Set against the barren dramatic landscape of Samuel Beckett's "Waiting for Godot", humanity seems to exist with an interconnected, interdependent, and interchangeable set of relations. Early in the play Beckett introduces the tether as a central metaphor in order to explore the moral, social, and existential implications of this complex web of relations. Pozzo and Lucky are literally tied to one another. Though less tangible, Vladimir and Estragon are joined by an equally powerful emotional bond. Ultimately, even the relationship which defines the motion (or lack thereof) of the entire play, the connection between Godot and Vladimir and Estragon, is described as a form of bondage. Vladimir and Estragon admit that their fate is ultimately tied to the will of Godot.
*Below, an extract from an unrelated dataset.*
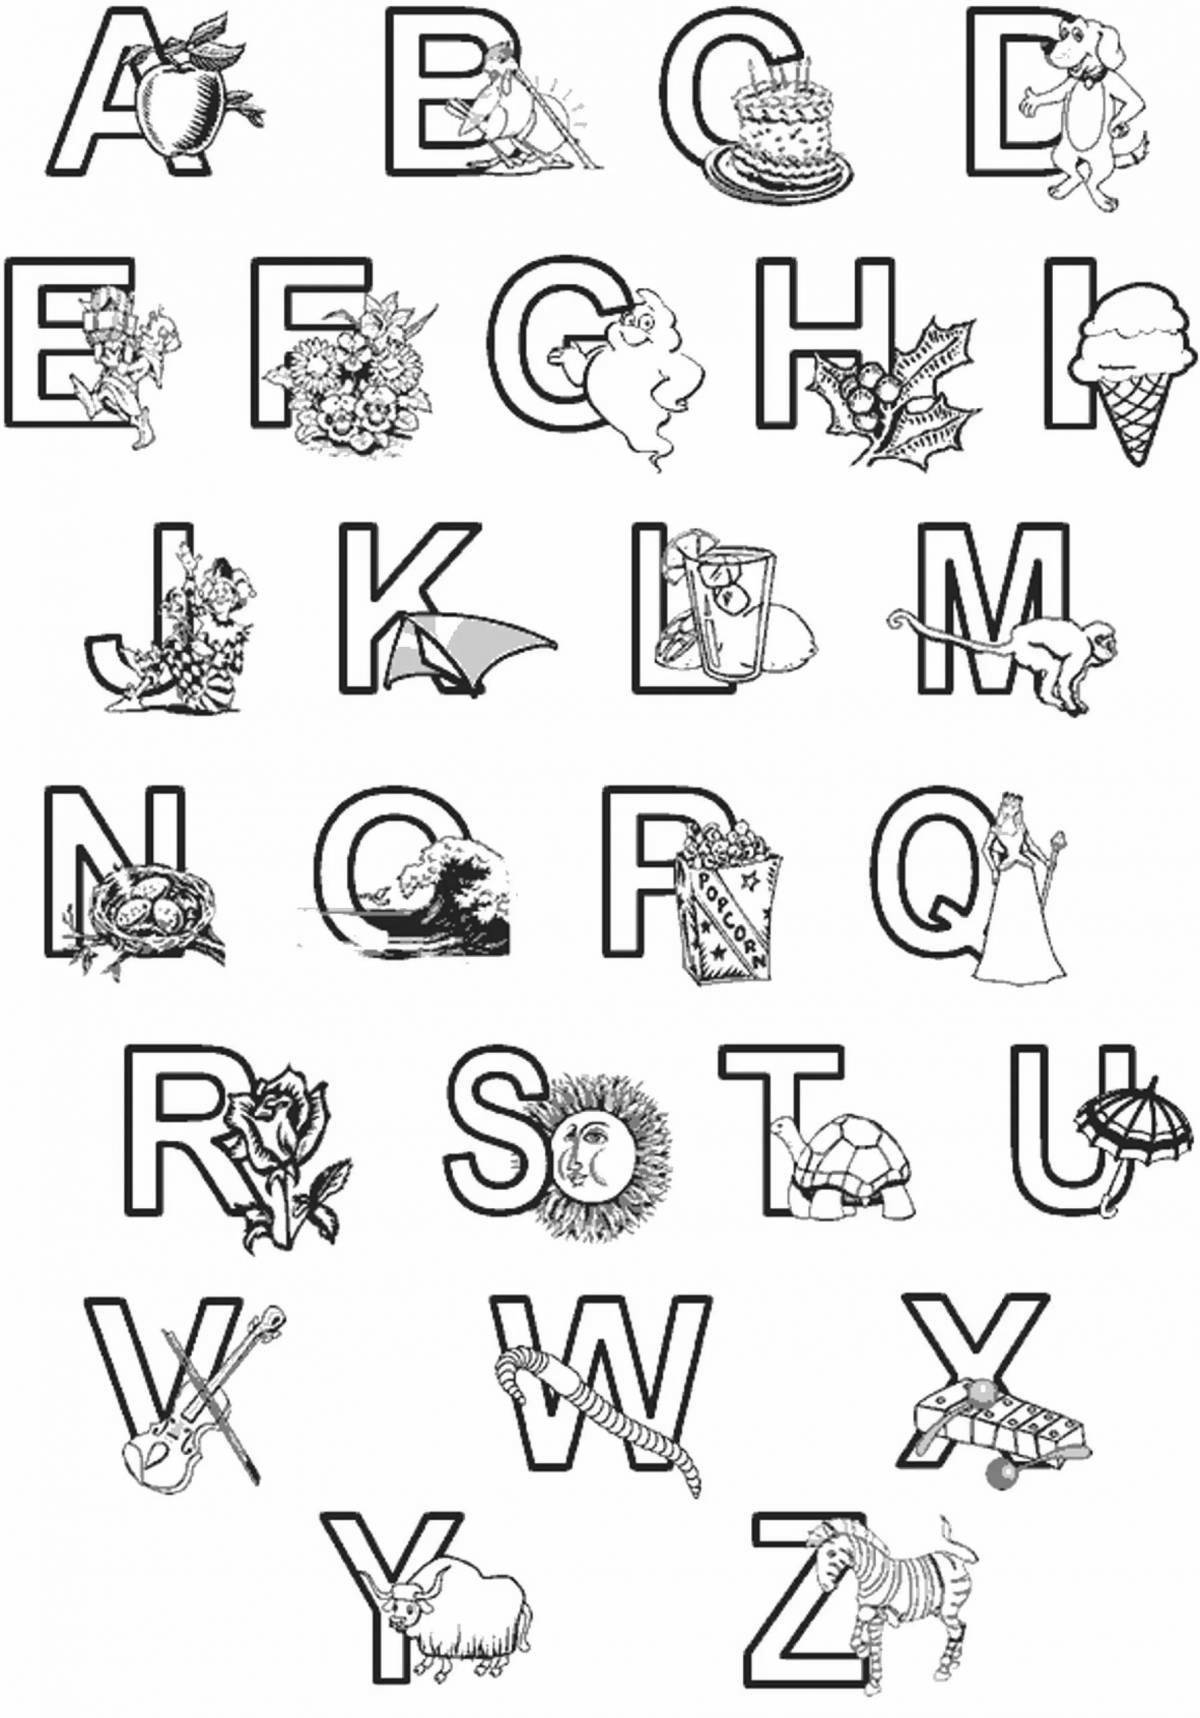 Magic alphabet with eyes

At first glance, the rope looped around Lucky's neck and held by Pozzo delineates a fairly clear relationship of power: Pozzo is dominant and Lucky is submissive. While Pozzo does seem to revel in his position of authority, it becomes apparent that the relationship is more involved than it seems. Pozzo tries to explain that Lucky "wants to mollify me so that I'll give up the idea of parting with him" (I, 21). By enslaving himself to Pozzo's wishes, Lucky hopes to ensure the continuation of their relationship. While Pozzo is aware that he is being manipulated, he also states, "You can't drive such creatures away. The best thing to do would be to kill them" (I, 21). Yet all Pozzo's efforts to sever their tie are unsuccessful. In fact, when they reappear in Act II, the rope between the two has shortened and Pozzo is now blind. In a very real, very substantial manner Pozzo has become more dependent on Lucky. Their bond is thus simultaneously strengthened and convoluted.

Though their connection might lack a tangible symbol, the link between Vladimir and Estragon is no less real or complex. Beckett is able to place both pairs under the common roof of humanity. Pozzo acknowledges that Vladimir and Estragon "are human beings none the less... of the same species as myself" (I, 15). Vladimir and Estragon seem to depend on one another at a more visceral and emotional level, however. There is both love and revulsion between them. Both realize that their relationship is an obstacle to individual happiness, and yet both become desperate at the thought of a solitary existence.